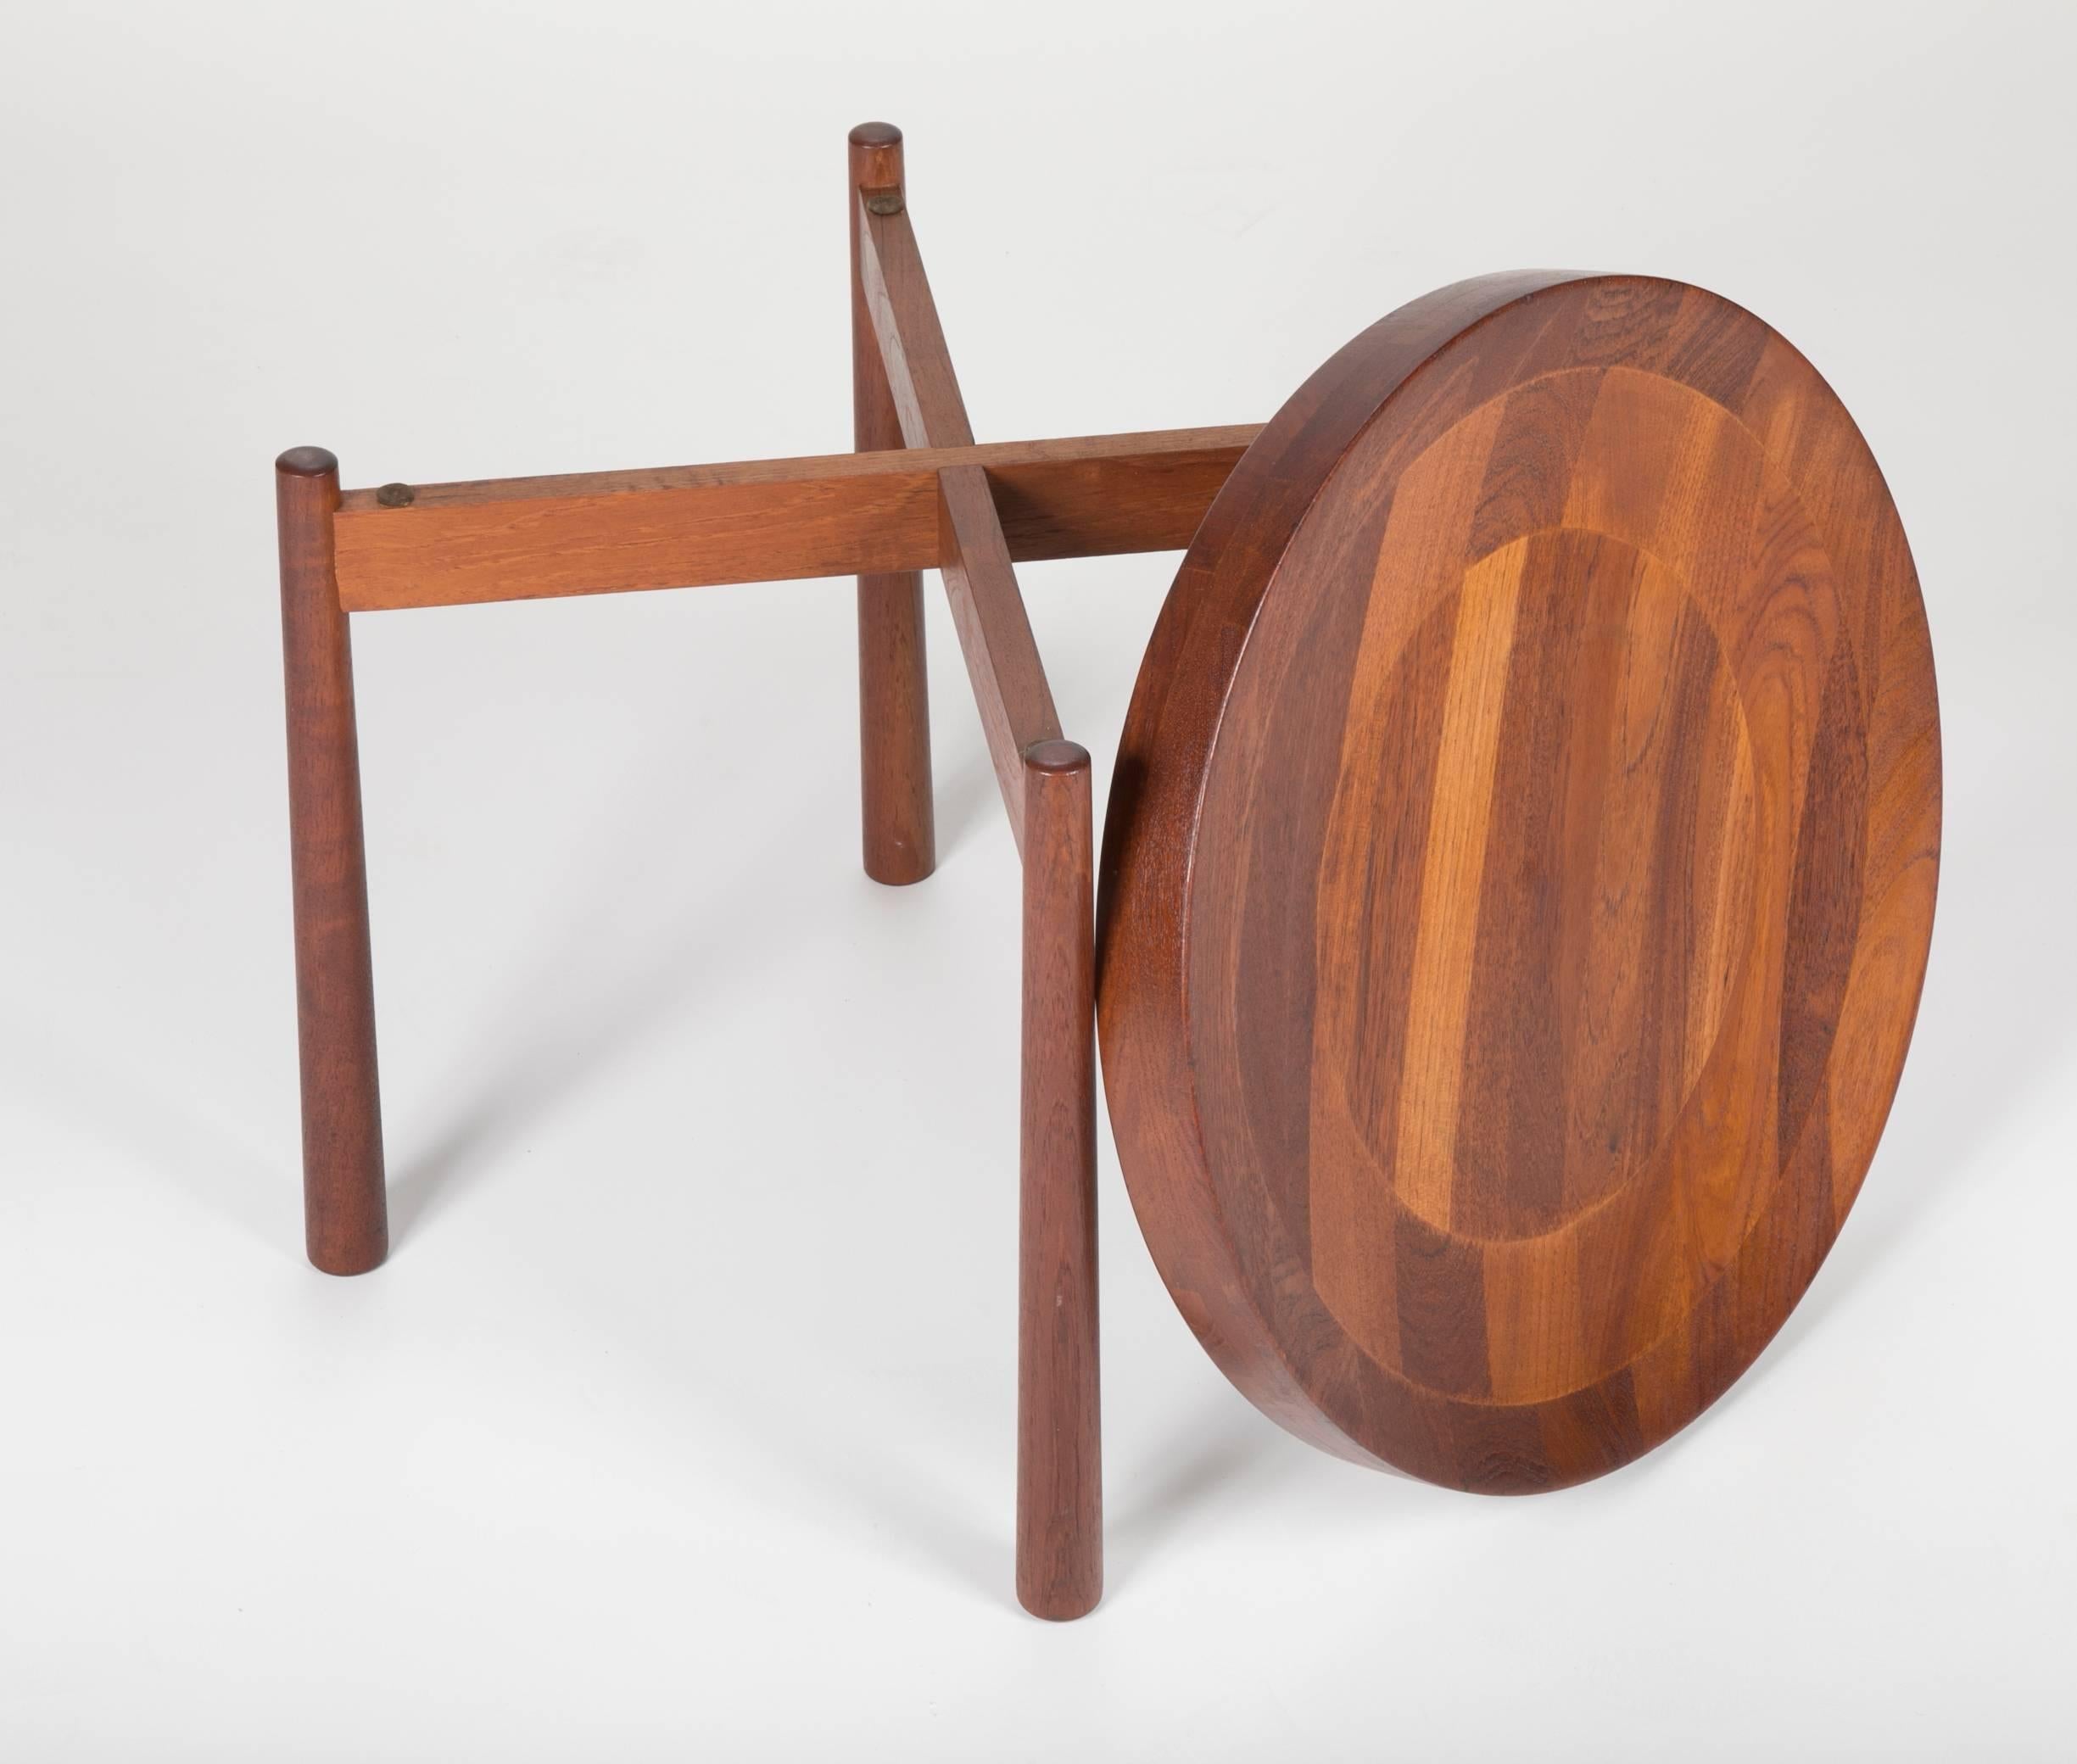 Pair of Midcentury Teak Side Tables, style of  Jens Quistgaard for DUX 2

==

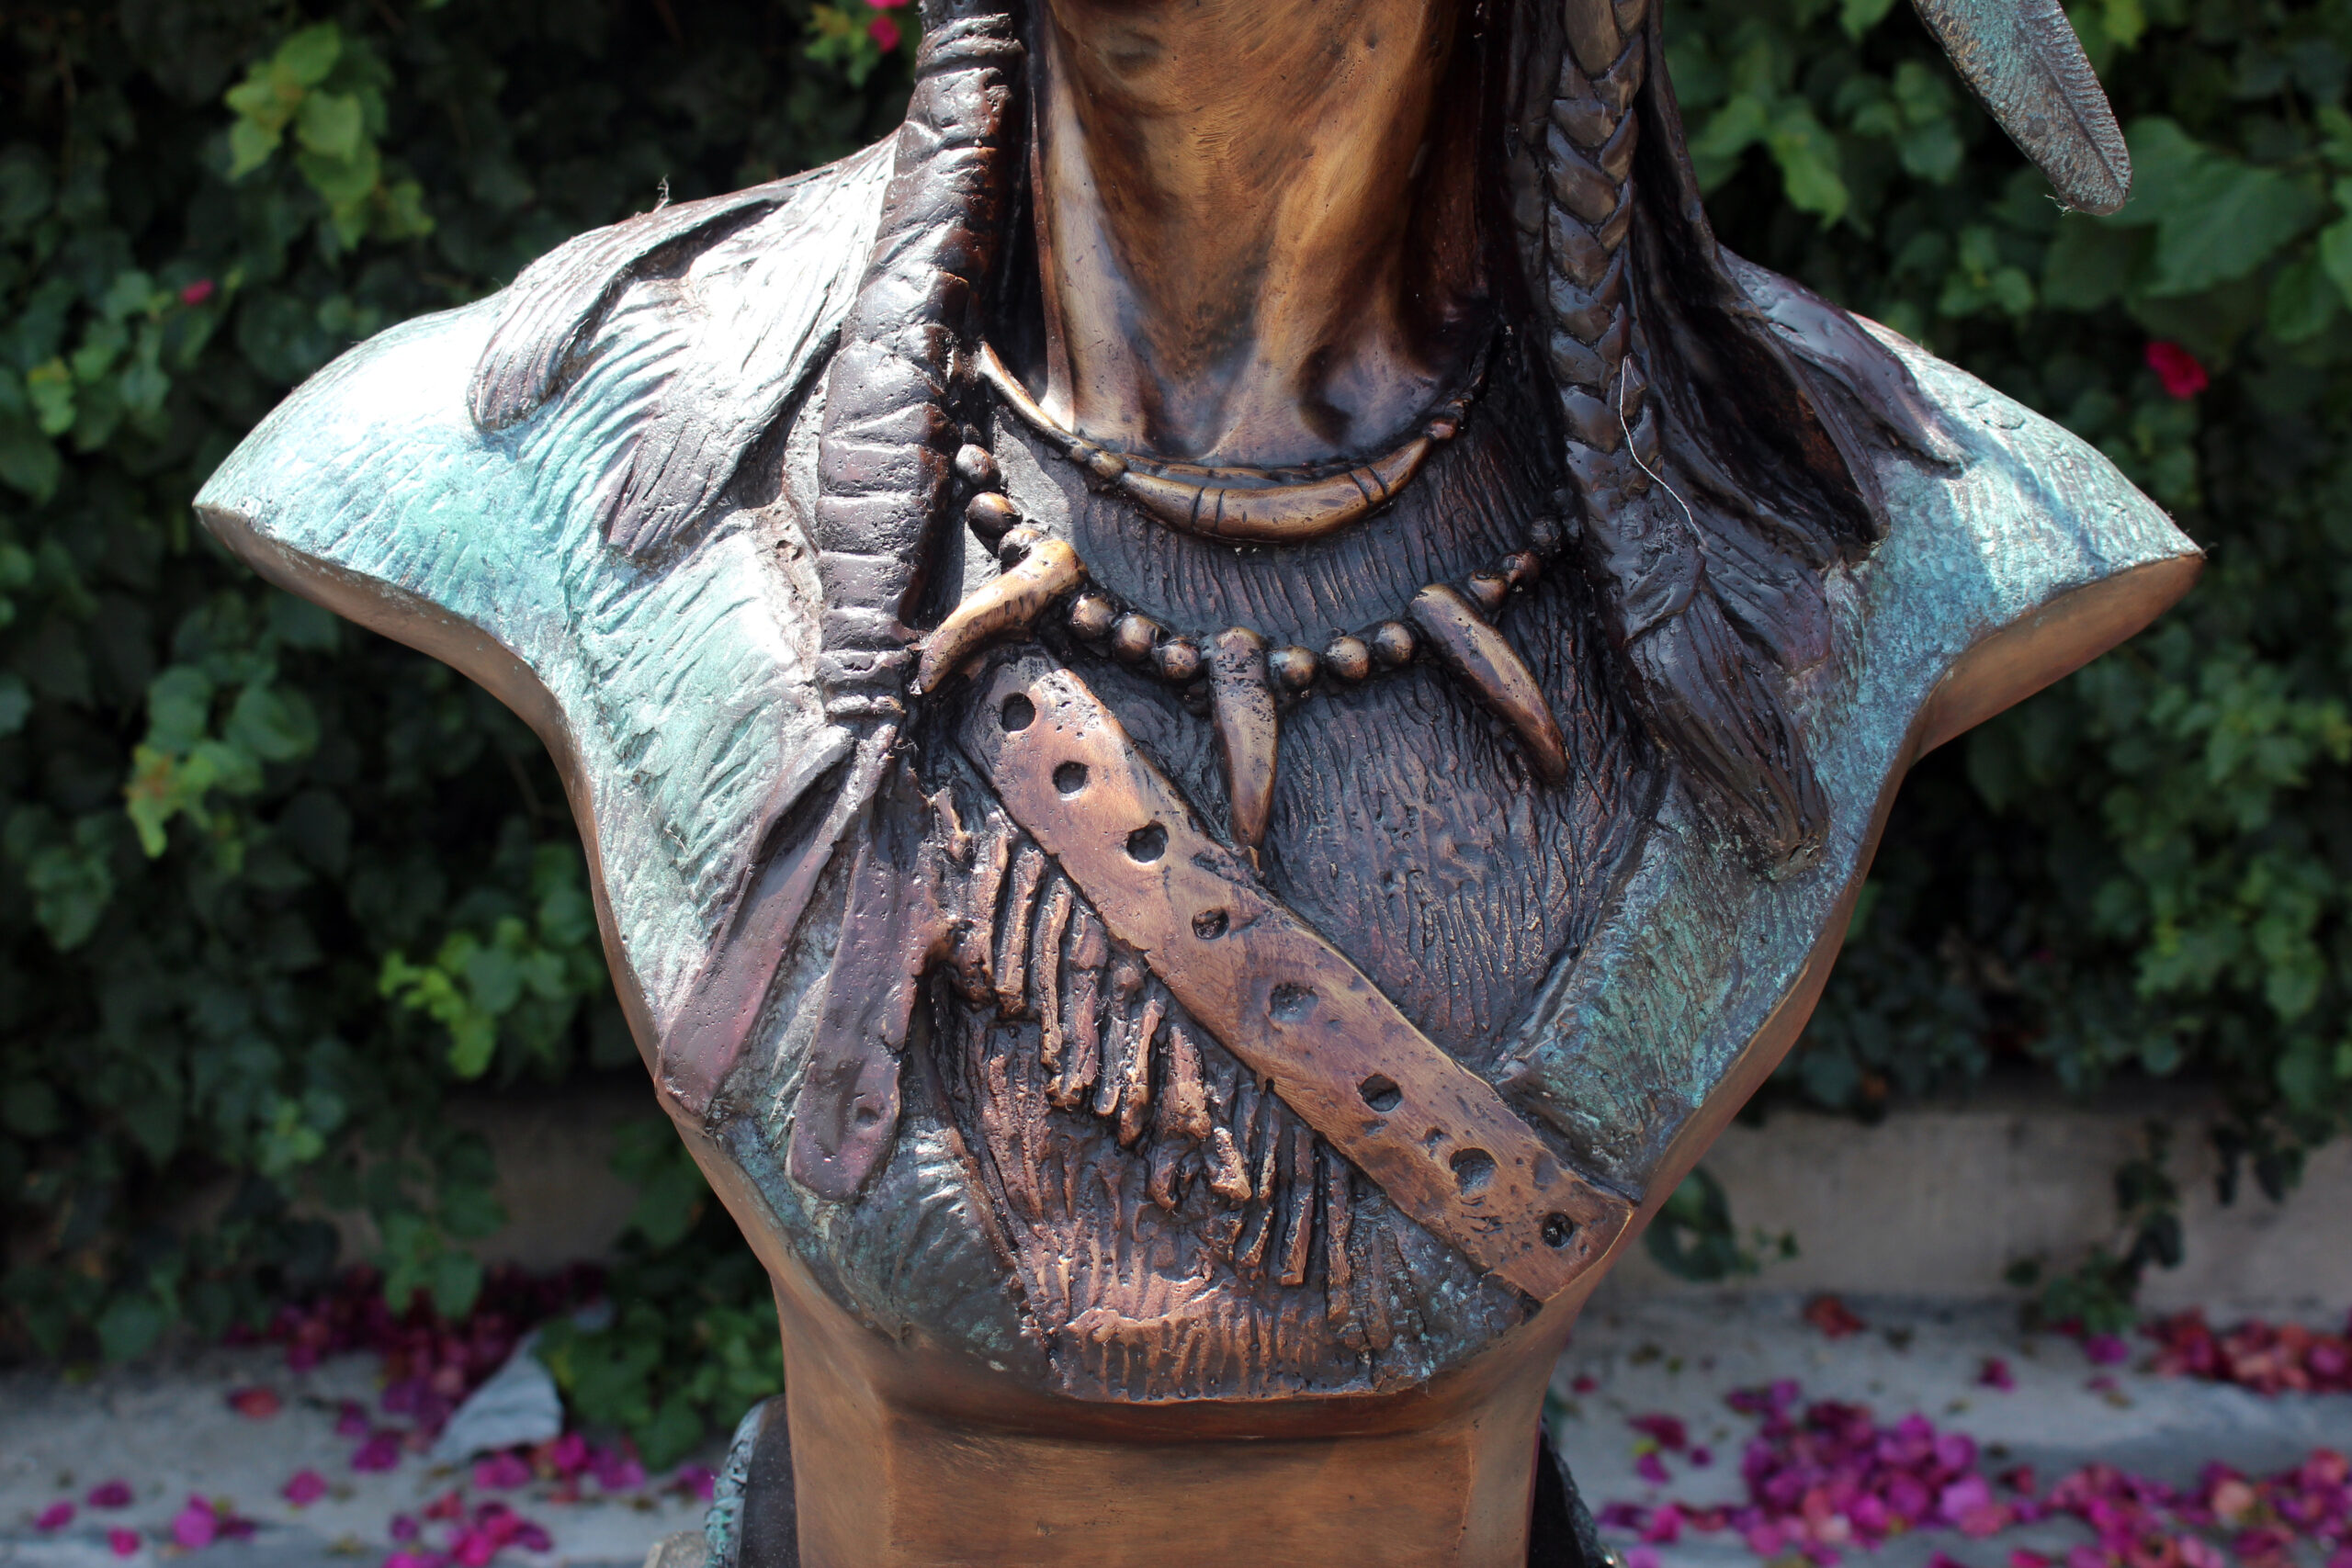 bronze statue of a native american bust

--

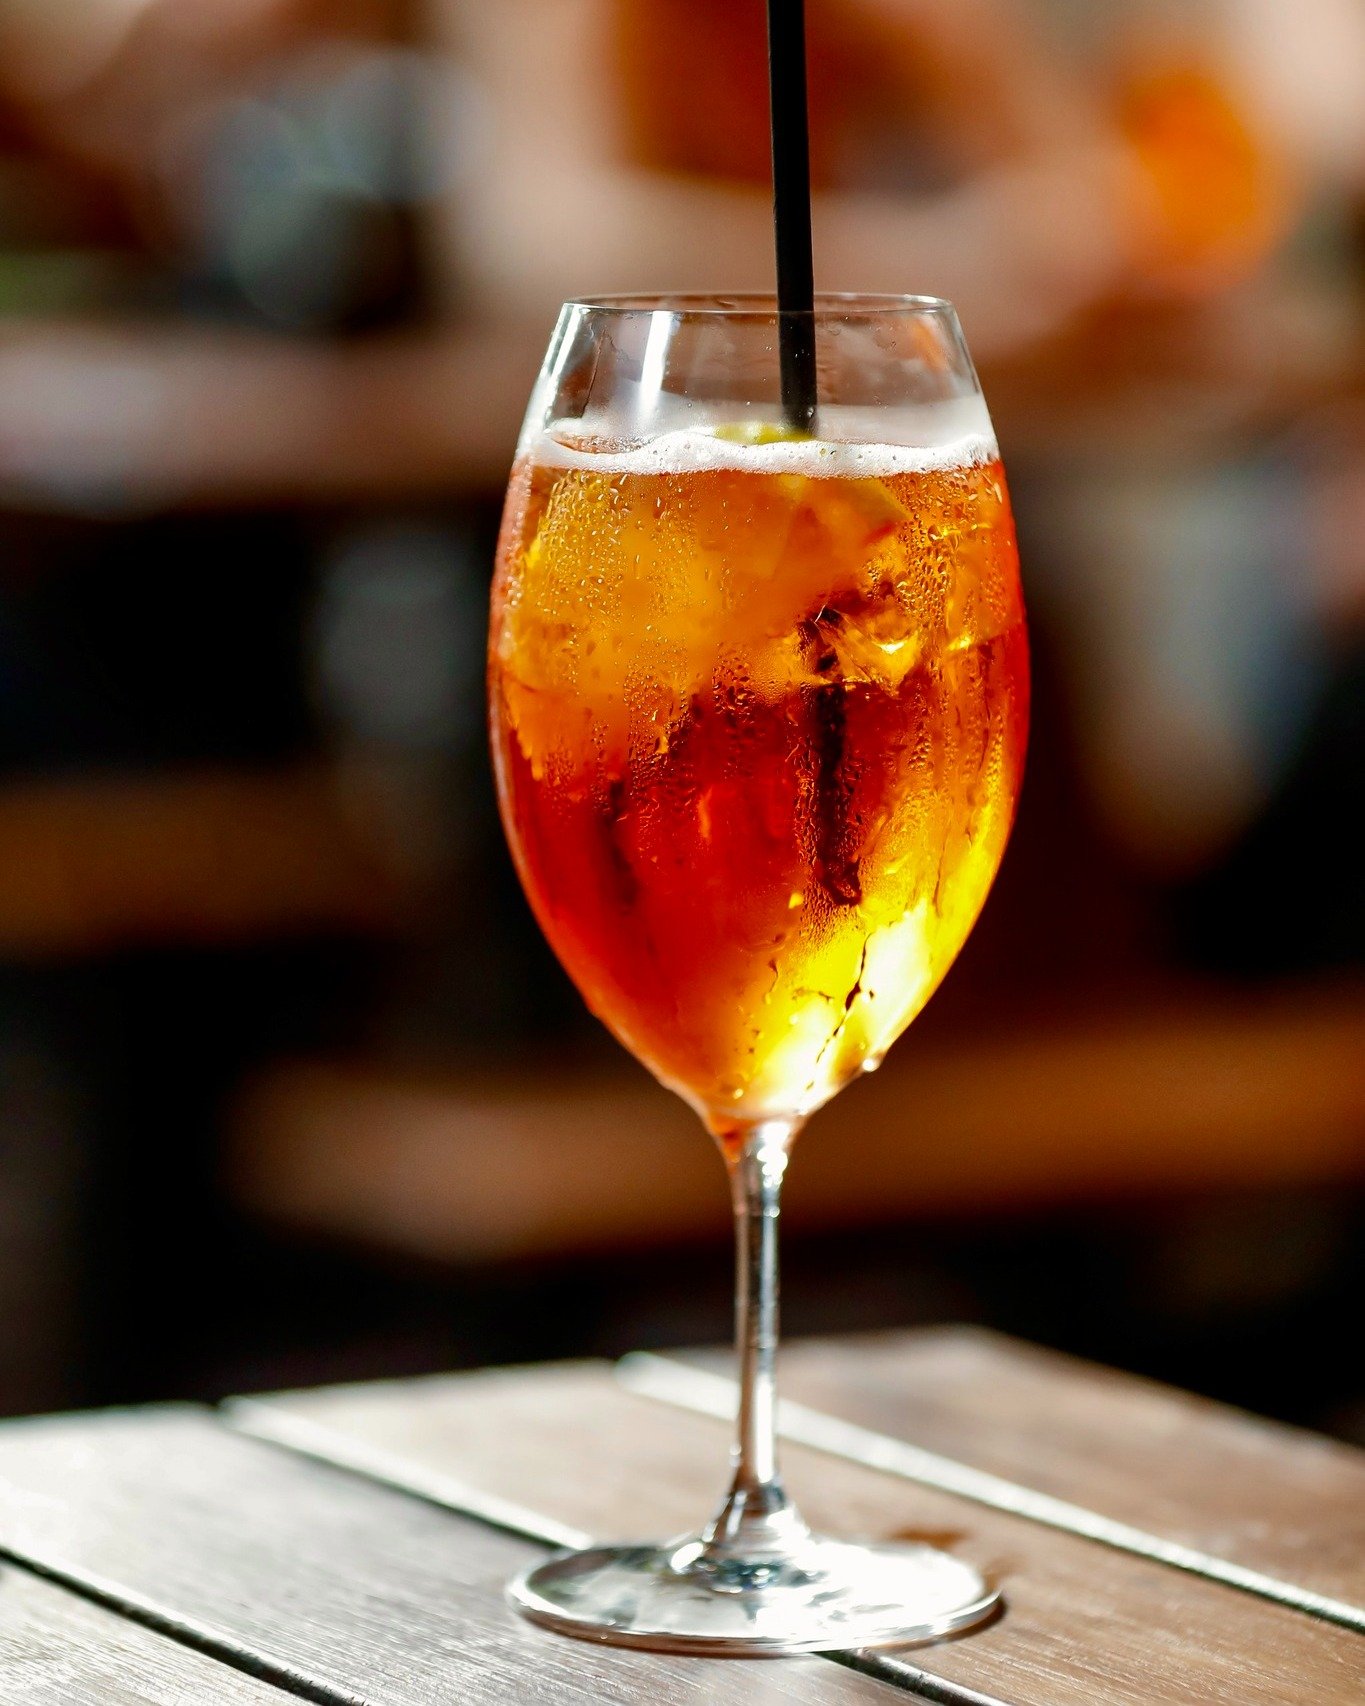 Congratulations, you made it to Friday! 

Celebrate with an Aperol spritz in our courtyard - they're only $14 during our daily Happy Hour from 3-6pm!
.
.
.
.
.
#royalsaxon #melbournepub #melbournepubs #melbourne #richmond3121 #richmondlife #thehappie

» **Assignment**: Begin with the line above that has "Celebrate with an" and continue through the line that has "#royalsaxon #melbournepub #melbournepubs", setting each one down exactly. Stop there.

» **Answer to this task**:
Celebrate with an Aperol spritz in our courtyard - they're only $14 during our daily Happy Hour from 3-6pm!
.
.
.
.
.
#royalsaxon #melbournepub #melbournepubs #melbourne #richmond3121 #richmondlife #thehappie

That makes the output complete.